Description
The first of its kind, this anthology of eighty international primary literary texts--poems, short stories, personal essays, testimonials, activist statements, and group-authored visions--illuminates Environmental Justice as a concept and a movement worldwide in a way that is accessible to students, scholars, and general readers. Also included are historical selections that ground contemporary pieces in a continuum of activist concern for the earth and human justice, a much-needed but seldom available perspective.

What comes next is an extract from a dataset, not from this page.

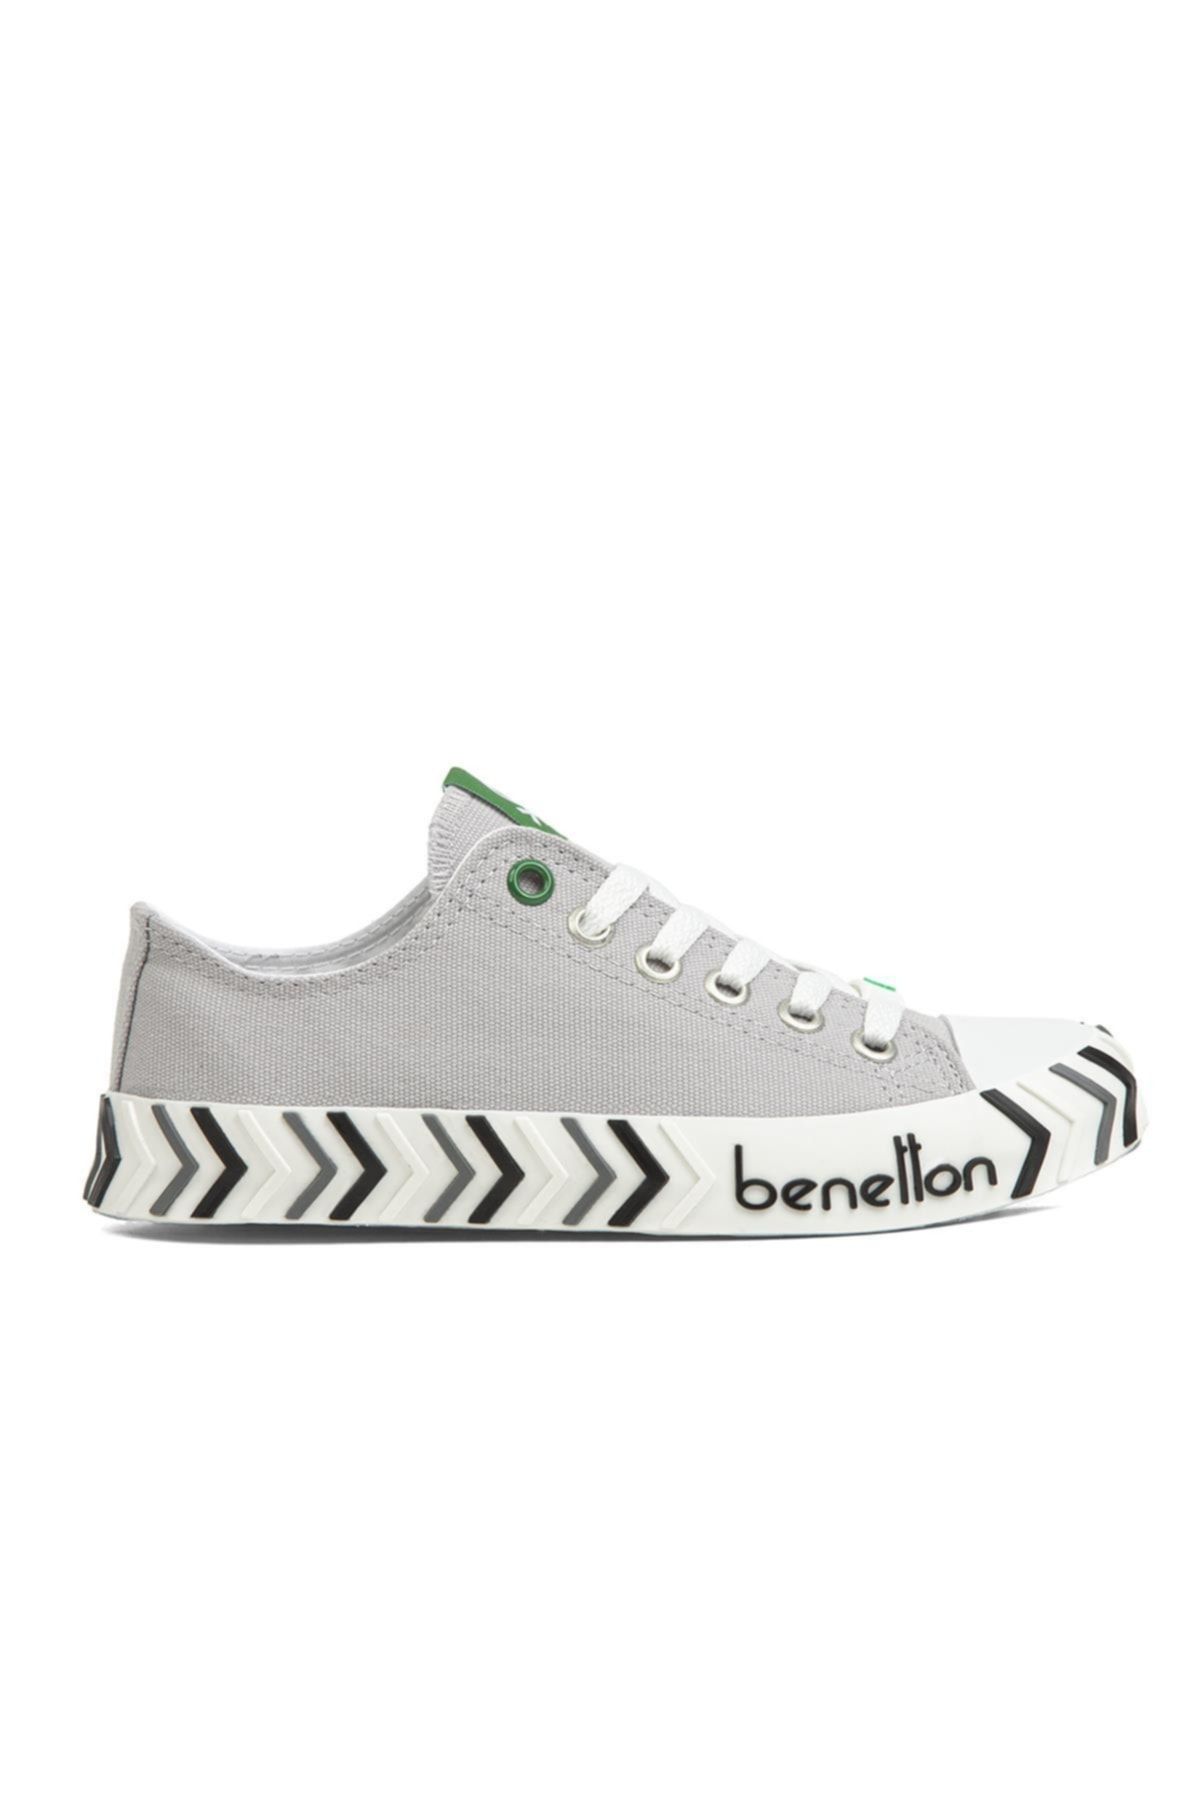 Benetton ® | Bn-30624-3374 Gri - Kadın Spor Ayakkabı
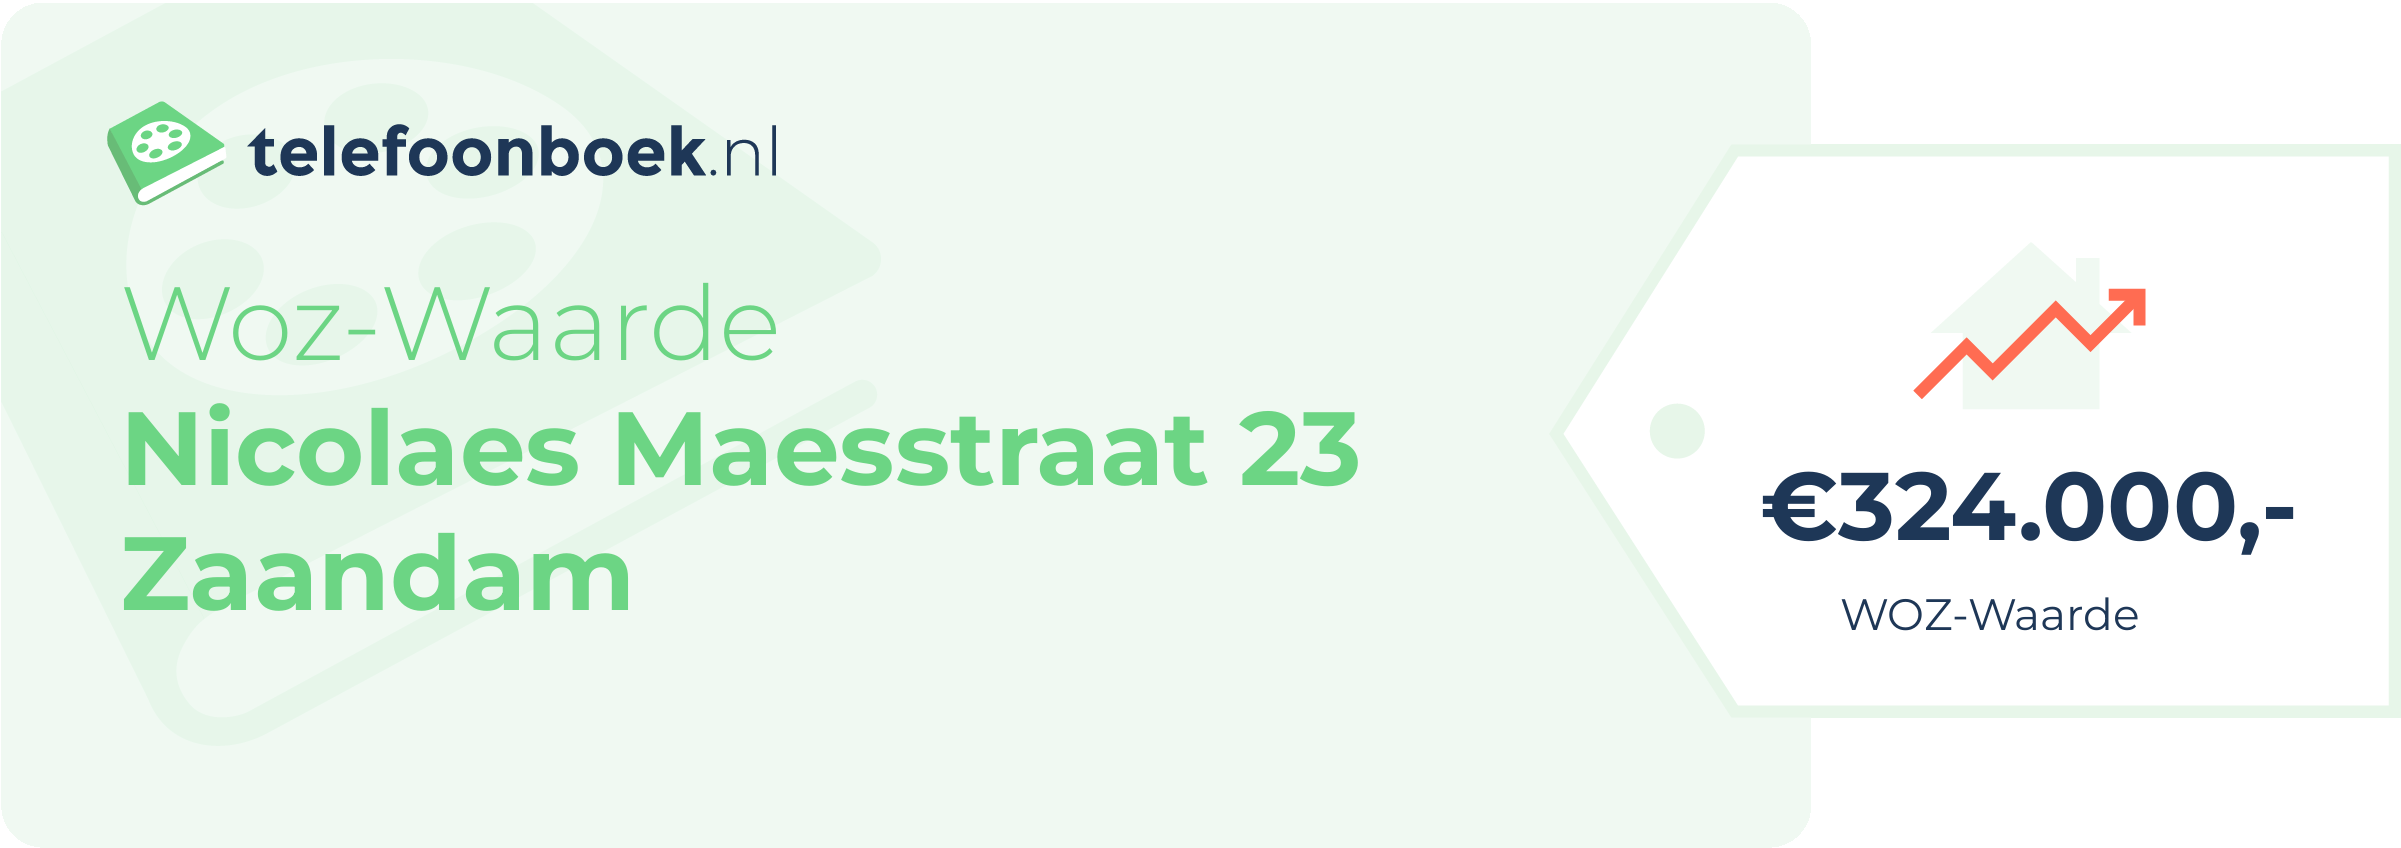 WOZ-waarde Nicolaes Maesstraat 23 Zaandam

Arts and humanities are crucial in the ongoing effort to achieve an ecologically sustainable and just world. Works of the human imagination provide analyses, articulations of experience, and positive visions of the future that no amount of statistics, data, charts, or graphs can offer because literature speaks not only to the intellect but also to our emotions. Creative literary work, which records human experience both past and present, has the power to warn, to persuade, and to inspire. Each is critical in the shared struggle for Environmental Justice.
About the Author
Elizabeth Ammons (Editor)
ELIZABETH AMMONS is Harriet H. Fay Professor of Literature at Tufts University, where she teaches courses on Environmental Justice and U.S. literature and American Indian writers. She is the author or editor of numerous titles, including Brave New Words: How Literature Will Save the Planet. Modhumita Roy (Editor)
MODHUMITA ROY is an associate professor of English at Tufts University, where she teaches courses on non-Western women writers and postcolonial theory and fiction. She is the author of many essays on empire, culture, and social justice issues.